One Hundred Twenty Six
by
, 02-02-2020 at 08:42 PM (394 Views)
In which I mustn't interfere with the horrors of nature...
There's a discarded porcelain basin sitting among tall grass in an abandoned lot, frequently used for dumping, near my house. From afar, I can see that it's heavy with a deep sink and a large ribbed area for drying dishes. I move closer to inspect if it's cracked. And I see a bundle wrapped in a blanket.
I pull on the edge of a blanket and reveal an infant inside, dead, with a dog leash wrapped around its neck. I untie the leash, toss it aside and pick up the body.

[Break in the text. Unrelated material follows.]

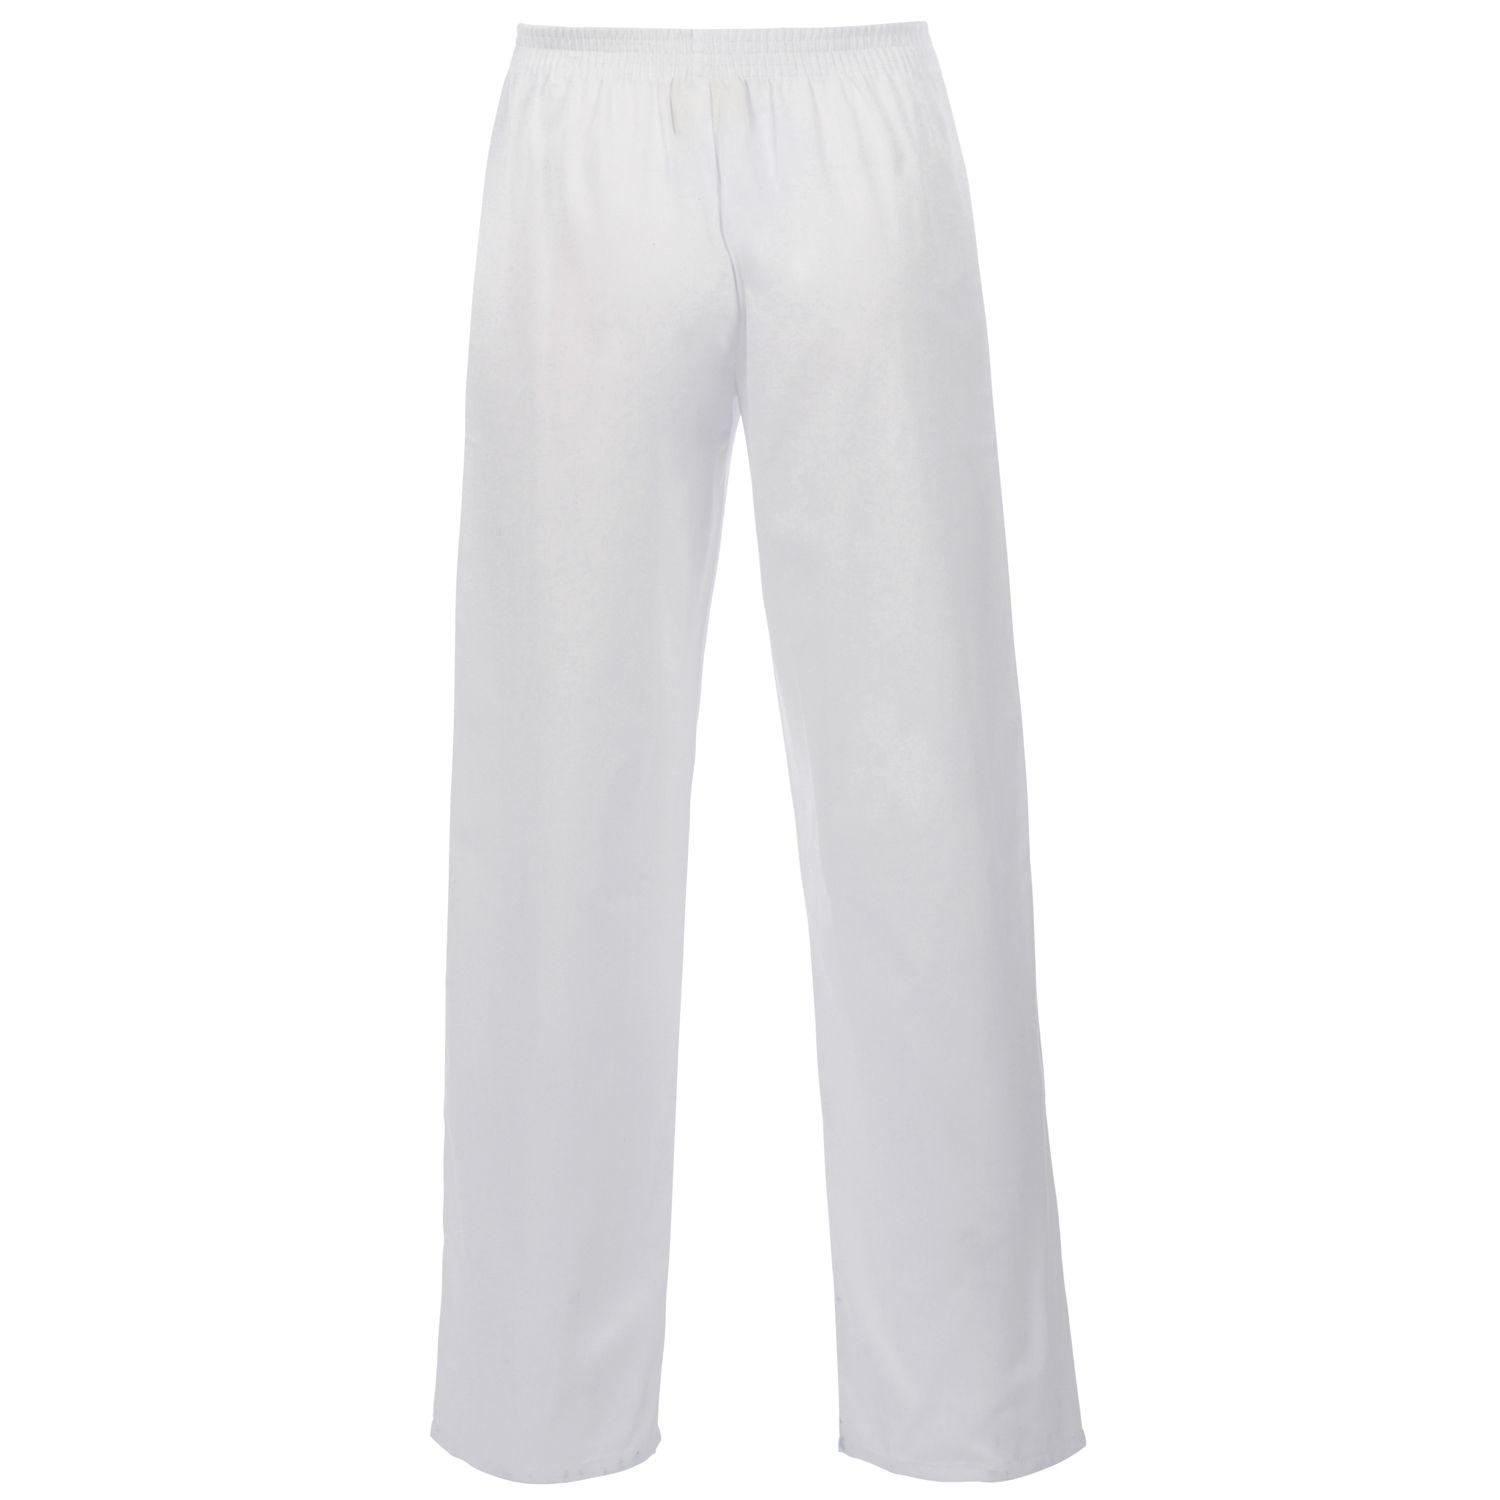 Food Industry trousers white Unisex 57T00

Back in my own house, I show it to my mother. She already knows about it, she explained, and if I don't want to get wrapped up in this, I best return the body to where I found it and replace the leash in exactly the same way.
I return to the empty lot, walk over to the basin again, only this time the leash is now wrapped around the neck of a second swaddled infant. This time the baby is still alive, but struggling, gasping for air.
I know that I'm not supposed to intervene. I'm like a nature photographer, filming a hyena eating a struggling gazelle. This is just how things are. I shouldn't have come here in the first place. I shouldn't have interfered. I need to put things back exactly as they were.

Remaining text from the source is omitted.